What you need to do
Set down exactly the lines below, starting at the one that contains "AKASH TRUCK BIRTHDAY CAKE - Rashmi's Bakery" and ending at the one that contains "Proteomic Analysis of", with both of those lines included and nothing else.

===== Given information =====

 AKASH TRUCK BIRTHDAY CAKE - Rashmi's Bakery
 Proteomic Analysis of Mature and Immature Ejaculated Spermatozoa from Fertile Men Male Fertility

=====
===== Given information =====

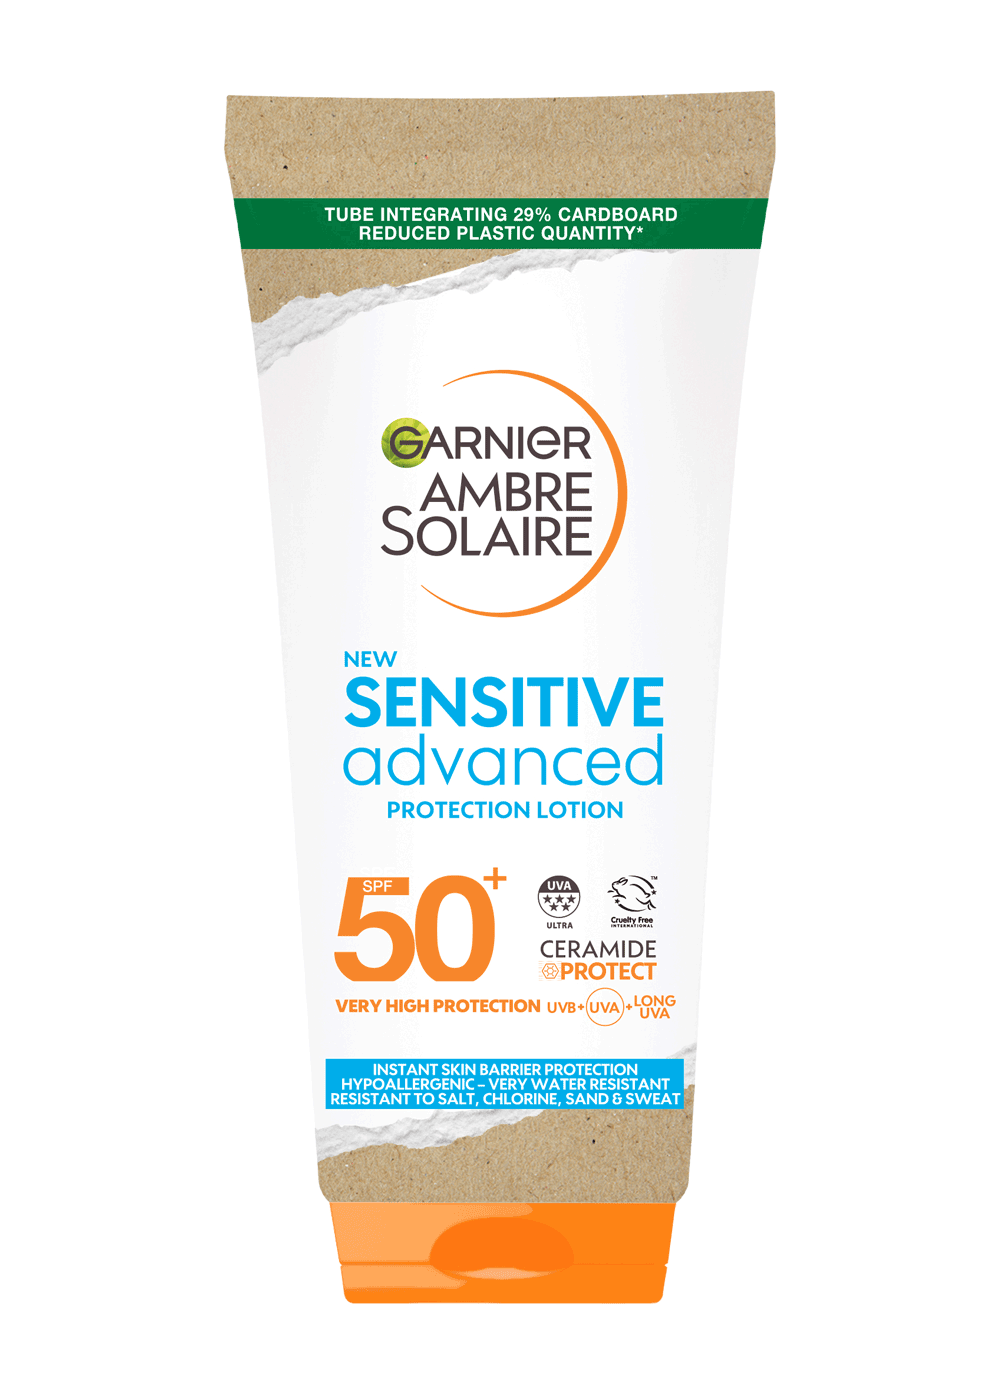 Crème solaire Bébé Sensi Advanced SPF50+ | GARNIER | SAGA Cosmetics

=====
===== Given information =====

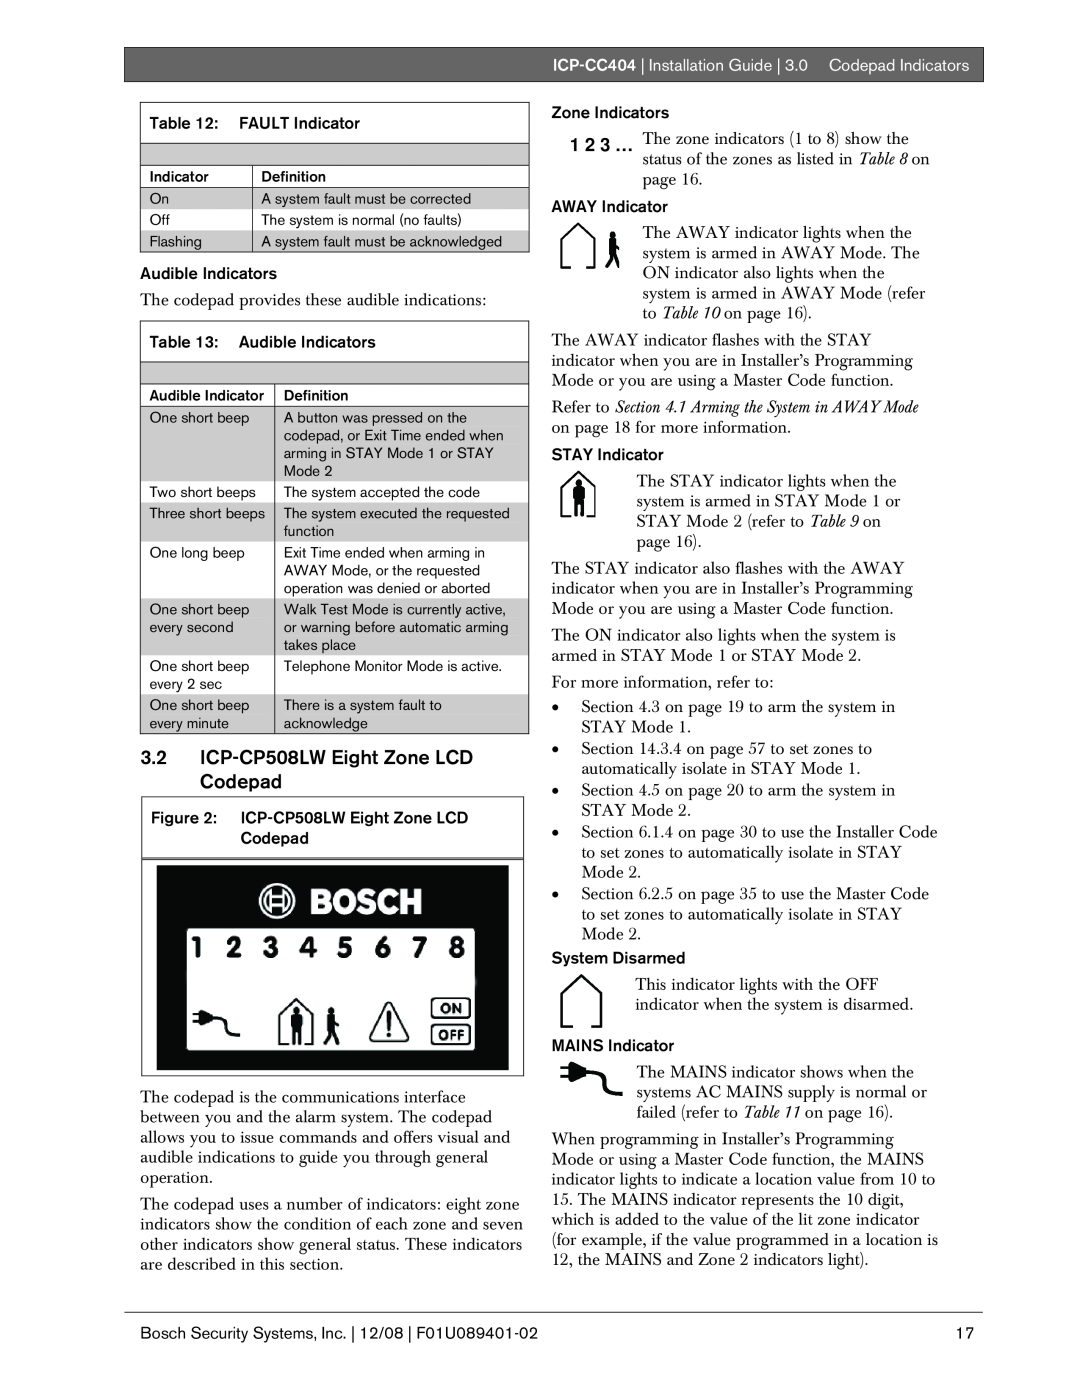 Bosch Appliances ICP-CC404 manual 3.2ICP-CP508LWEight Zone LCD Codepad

=====

Answer space
 AKASH TRUCK BIRTHDAY CAKE - Rashmi's Bakery
 Proteomic Analysis of Mature and Immature Ejaculated Spermatozoa from Fertile Men Male Fertility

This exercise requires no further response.